This Thursday: Reading Frederick Douglass

This coming Thursday, June 12, 2025, at 6 pm at Luna Theater at the Lowell Community Charter Public School on Jackson Street (in the former Mill No. 5), there will be a reading of the famed speech by abolitionist Frederick Douglass on July 5, 1852 on the topic, “What to the Slave is the 4th of July?”

The event is free and open to the public but requires advance registration. (Here’s how to do that.)

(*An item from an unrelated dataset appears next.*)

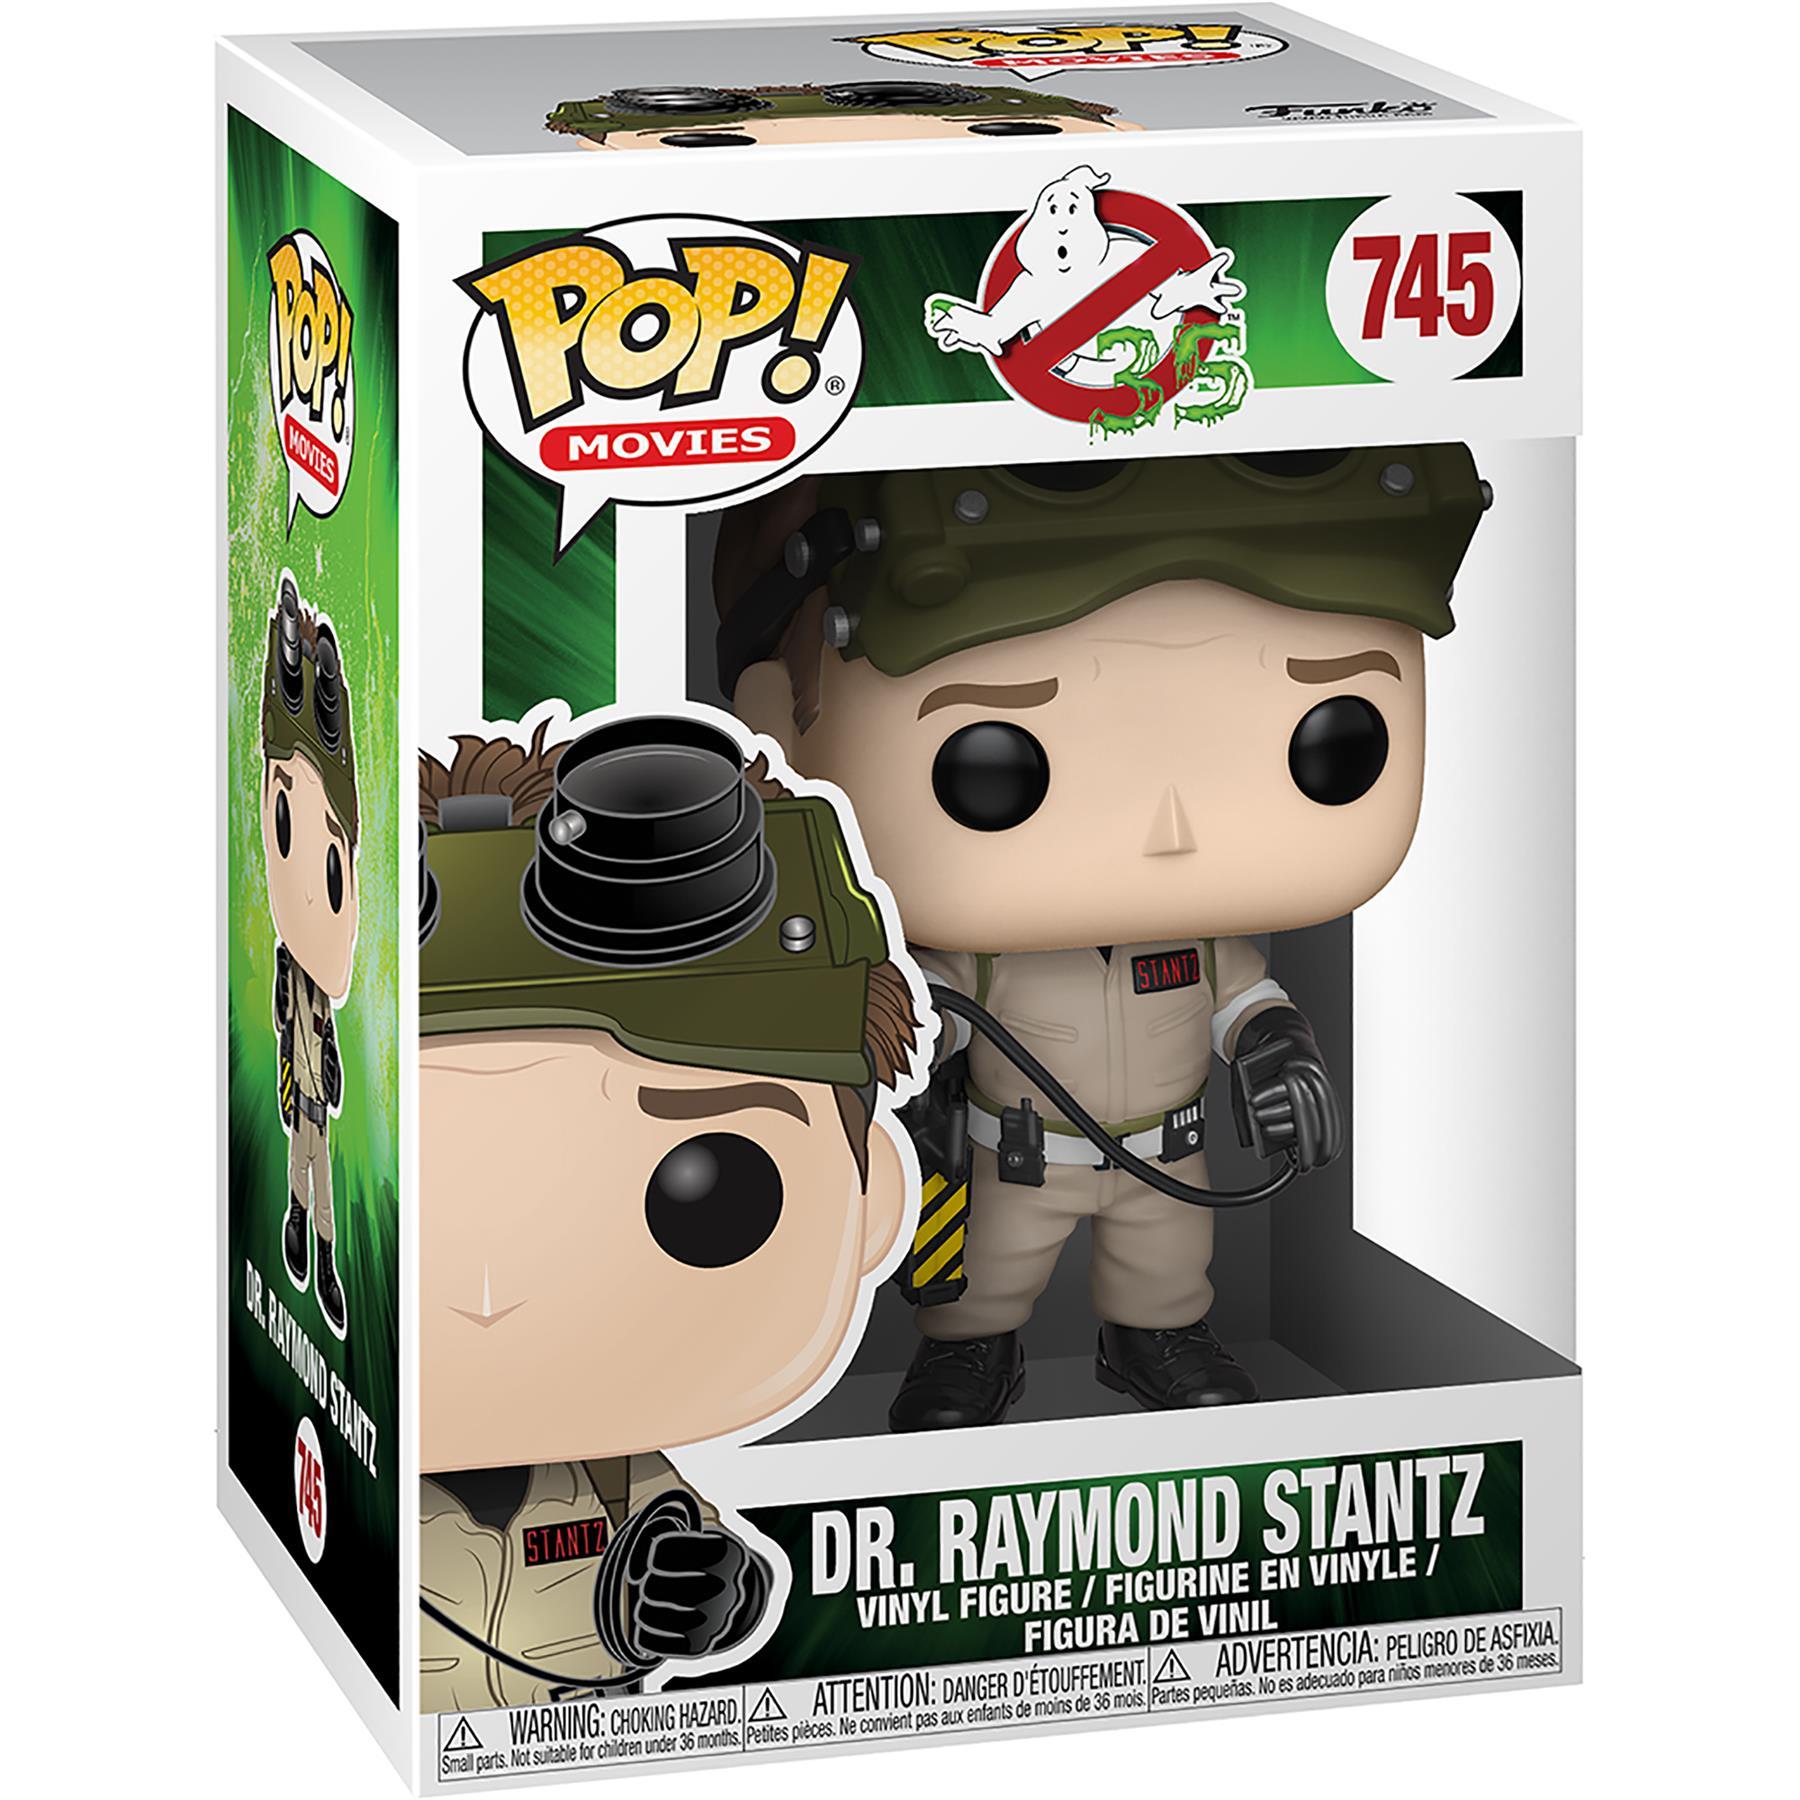 DR Raymond Stantz #745 FUNKO POP Figura 35TH ANNIVERSARIO Ghostbusters film
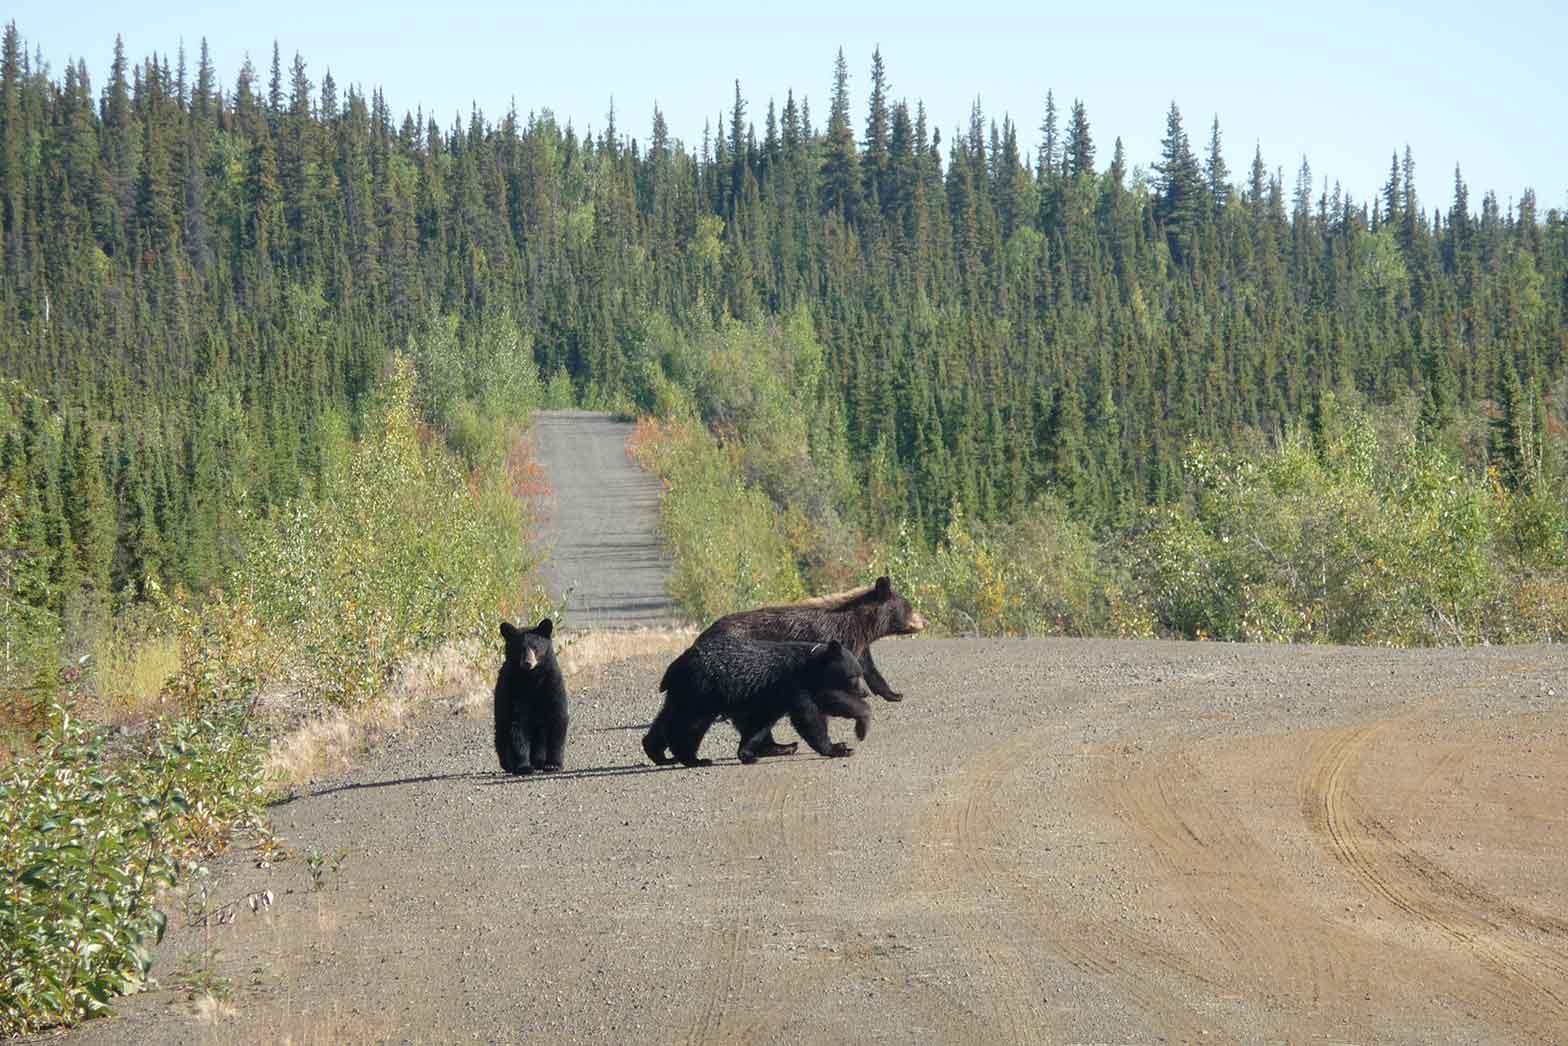 The Three Bears - Dalton Highway

UMass Lowell history professor Bob Forrant is involved. Here is what he wrote about it:

On the 5th of July 1852, famed abolitionist Frederick Douglass stood before 600 people in Rochester, NY, and asked, ‘What to the Slave is the 4th of July?’ This coming Thursday evening, there will be an important event in Lowell, hosted by the Lowell Community Charter Public School. Faculty, students, and community members – myself included – will read Douglass’s speech, one of the most important in U.S. history. Born in 1818, Frederick Douglass escaped from slavery in 1838 and quickly became one of the abolitionist movement’s most important figures. He died in 1895 at the age of 77. The event is free and open to the public, but it is recommended that you reserve your seats. The event poster contains information on how to reserve your seats. The reading will be followed by a discussion of the significance of the speech and its meaning for today.